So after over 5 hours in the queue, when I get about 10 minutes from the counter, some guy calls out my ticket number and tells me they don't have any - not sure if they had any to begin with....

That's 5 hours of my life I will never get back. My last RSD...in future I will take my chances online on Monday.
 
I relented.

I went into Vinyl Attraction in Newark and bought the Steven Wilson release. Lots of stuff left. Alas, no Snarky Puppy.
 
I relented.

I went into Vinyl Attraction in Newark and bought the Steven Wilson release. Lots of stuff left. Alas, no Snarky Puppy.
What were the queues like at Newark? I considered it, as it may be shorter than Rough Trade in Nottingham, but thought there was more chance of Ian Hunter stock in Nottingham.
 
What were the queues like at Newark? I considered it, as it may be shorter than Rough Trade in Nottingham, but thought there was more chance of Ian Hunter stock in Nottingham.
My local store had the Ian Hunter album at around 11.00 today. If you can't find one I can check to see if they still have stock on Monday.
 
My local store had the Ian Hunter album at around 11.00 today. If you can't find one I can check to see if they still have stock on Monday.
That would be nice Mike, but don't go out of your way. If you can let me know, otherwise I will see who has what at 8pm on Monday. I will knock together a list of clicky links tomorrow to speed up the search.
 
What were the queues like at Newark? I considered it, as it may be shorter than Rough Trade in Nottingham, but thought there was more chance of Ian Hunter stock in Nottingham.
I was lazy, went at 1pm. No queue.

They had the Ian Hunter too.
 
My first experience of RSD in the flesh. Went to Relevant Records & Cafe in Cambridge followed by Lost In Vinyl in Cambridge.
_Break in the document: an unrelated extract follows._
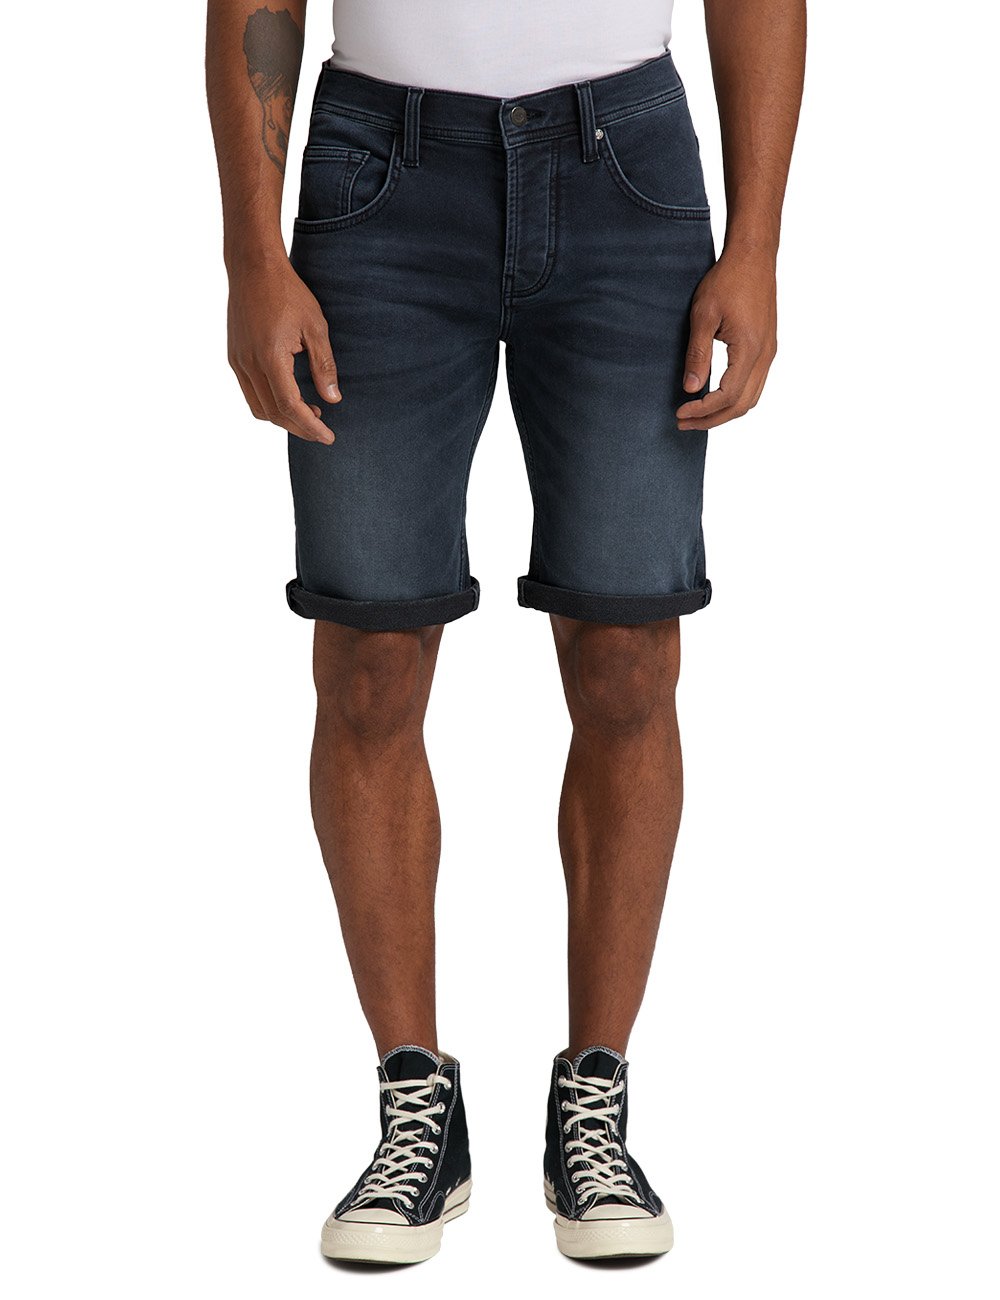 Shorts online Jeans aktuelle - shoppen Modetrends jetzt

Arrived at around 6am to find a healthy queue of around 50-60 people. The store opens its cafe at 6am and allocates everyone in the queue a number as they enter the cafe (like an old school deli). I was number 57. Got some breakfast and a nice coffee and spent a pleasurable few hours chatting to likeminded music buffs... people were called in batches of 10 (i.e. tickets 1-10, 11-20) from 8am. You went downstairs to the shop and were served in ticket number order by giving your list to the assistant who then retrieved the records for you from behind the counter. You could buy only 1 of each item but with no restriction on the total. Turns out the first 3 ticket holders had started queueing at 6am on Friday!!!!! WTF??? Anyway they bought huge amounts but if they'd been there for over a day fair play to them.
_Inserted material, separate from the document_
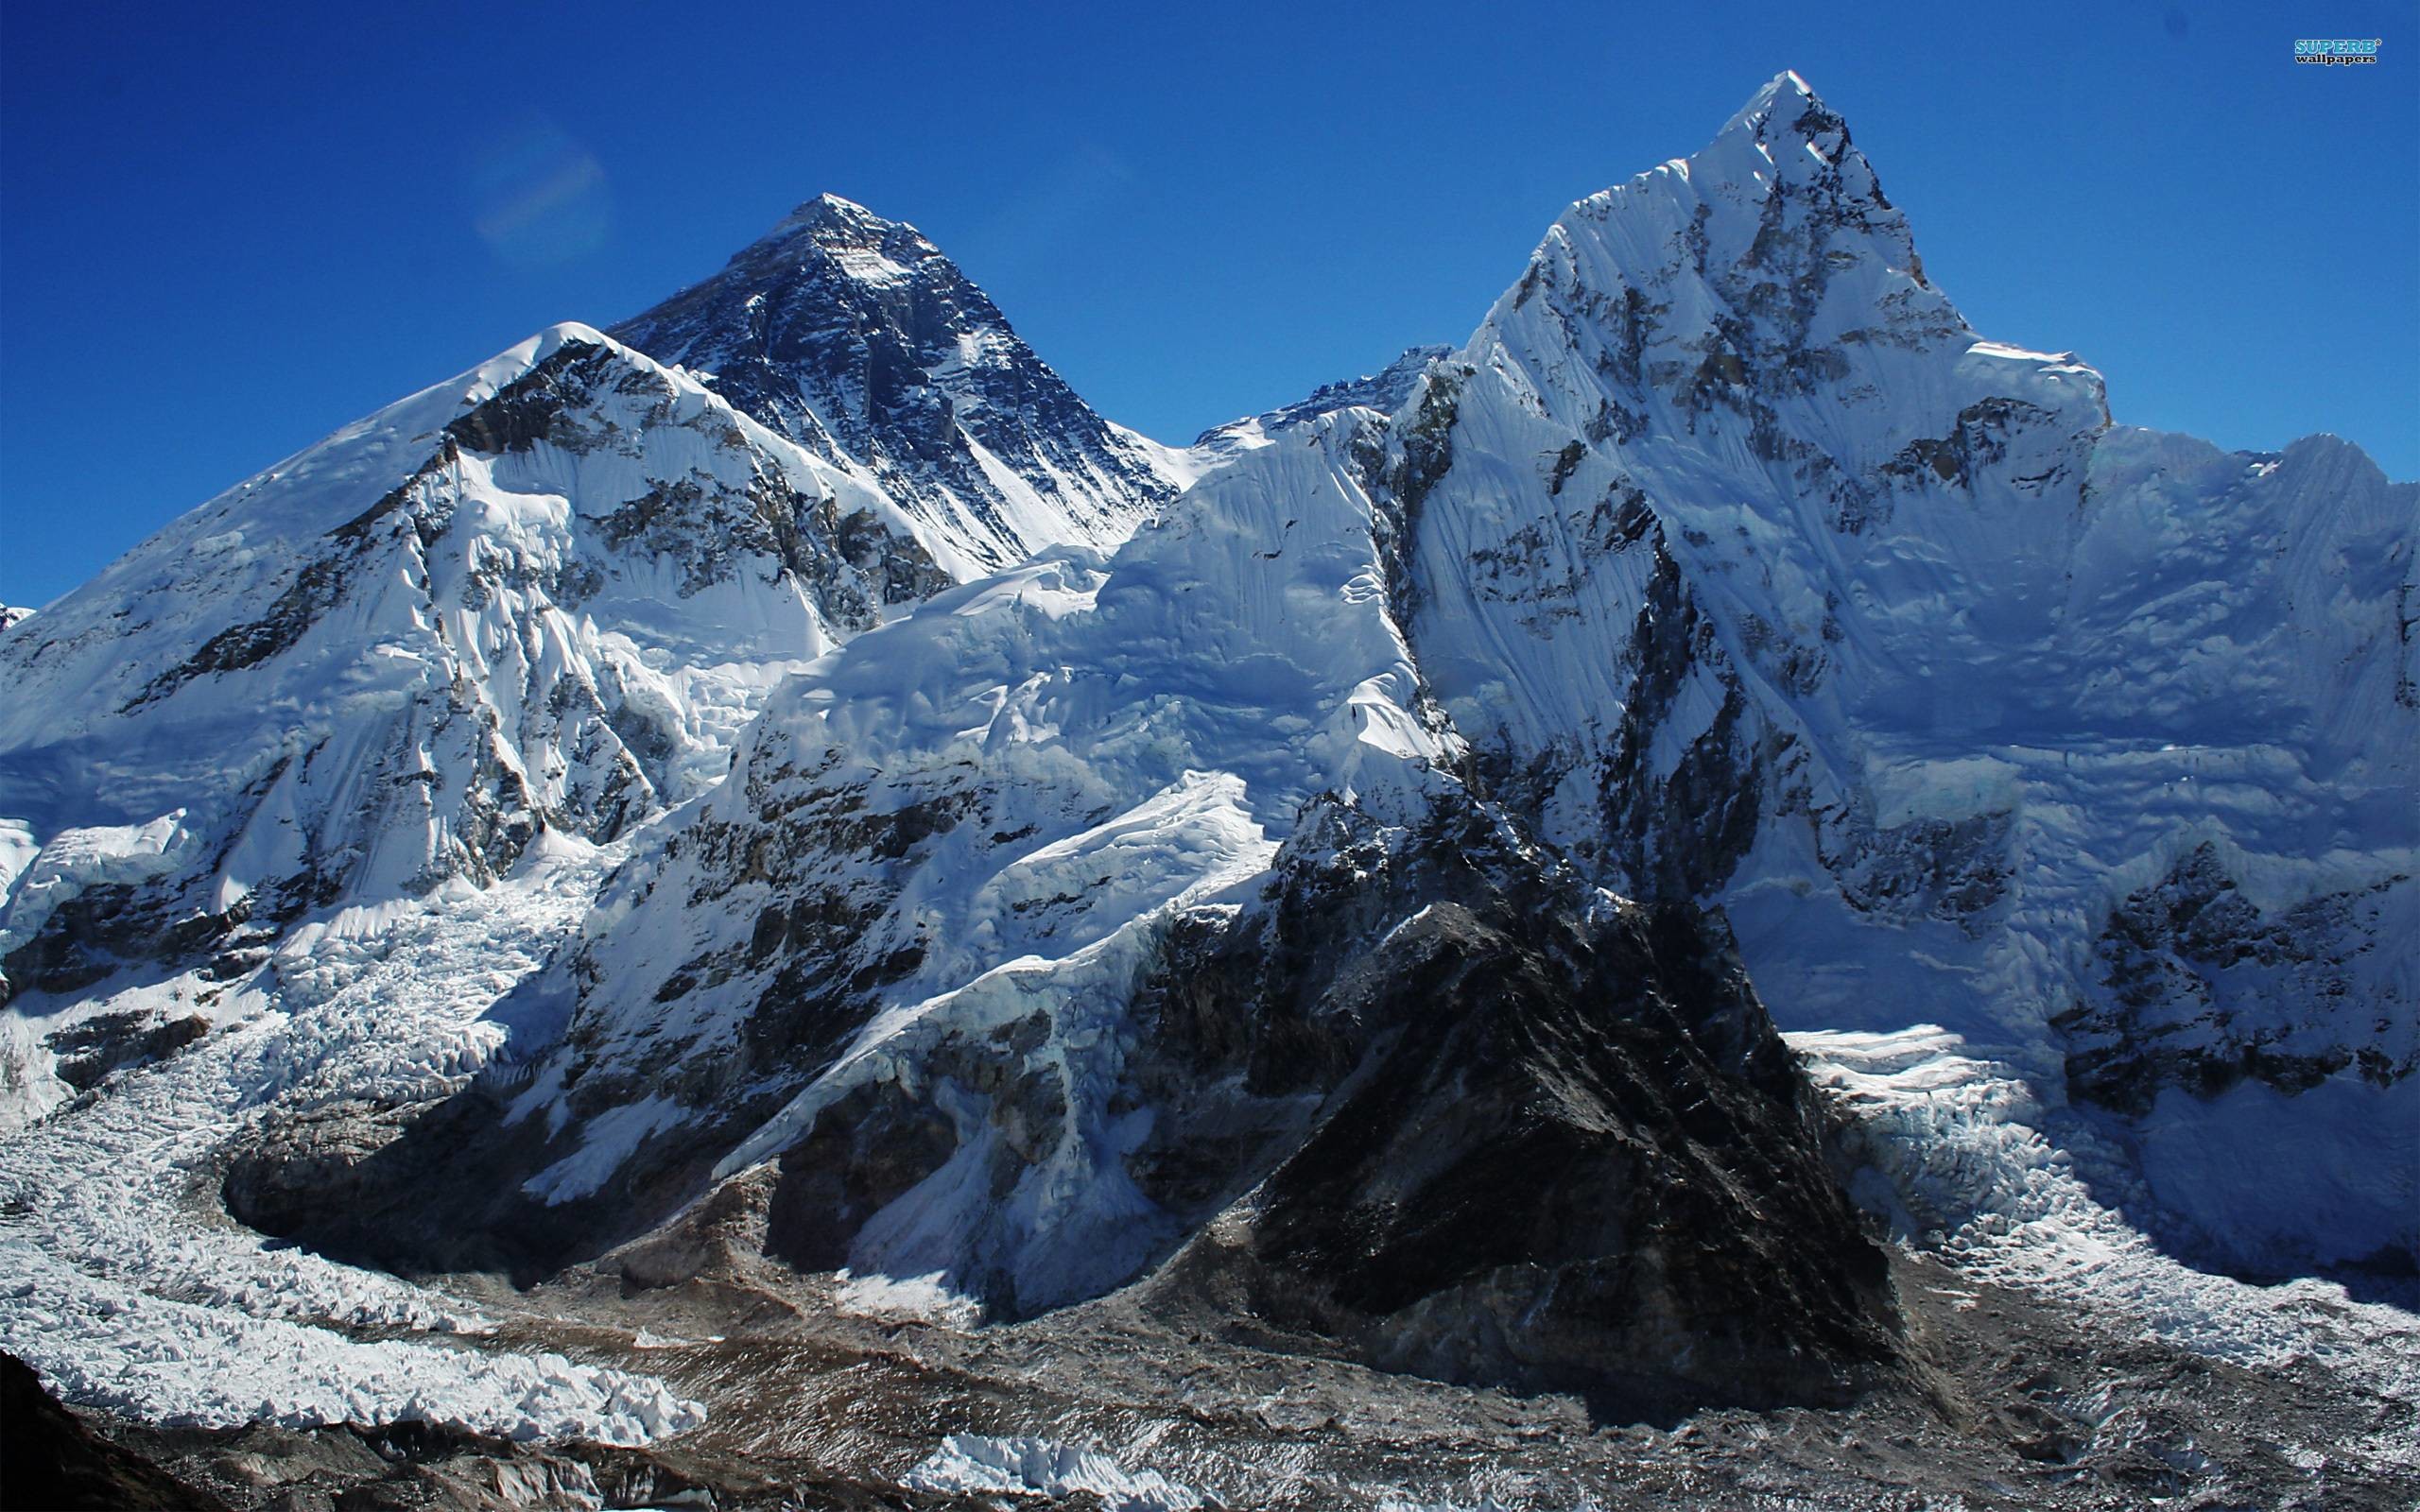 2560x1600 Mount Everest wallpaper - Nature wallpapers - #

Each batch of 10 people took about 30 mins to process. All was going well but with people peeling off to go and be served inevitably new people took their place at the tables and that is when it happened.... I got the opinionated dickhead to talk to... apparently all music made after 1980 is shite, the Linn LP12 is the only turntable worth using, Pink Floyd are the best band in the world with the Beatles being totally overrated and no better than Duran Duran, Brexit was a good thing and all the immigrants are ****s.... initially I tried to ignore him, but... well it got a bit heated :D :D Luckily my number was then called and I picked up a few titles including Bowie... missed the Propaganda one as number 52 bought the last one and number 53 had wanted it too... he must have been gutted. Anyway, aside from the idiot it was good fun.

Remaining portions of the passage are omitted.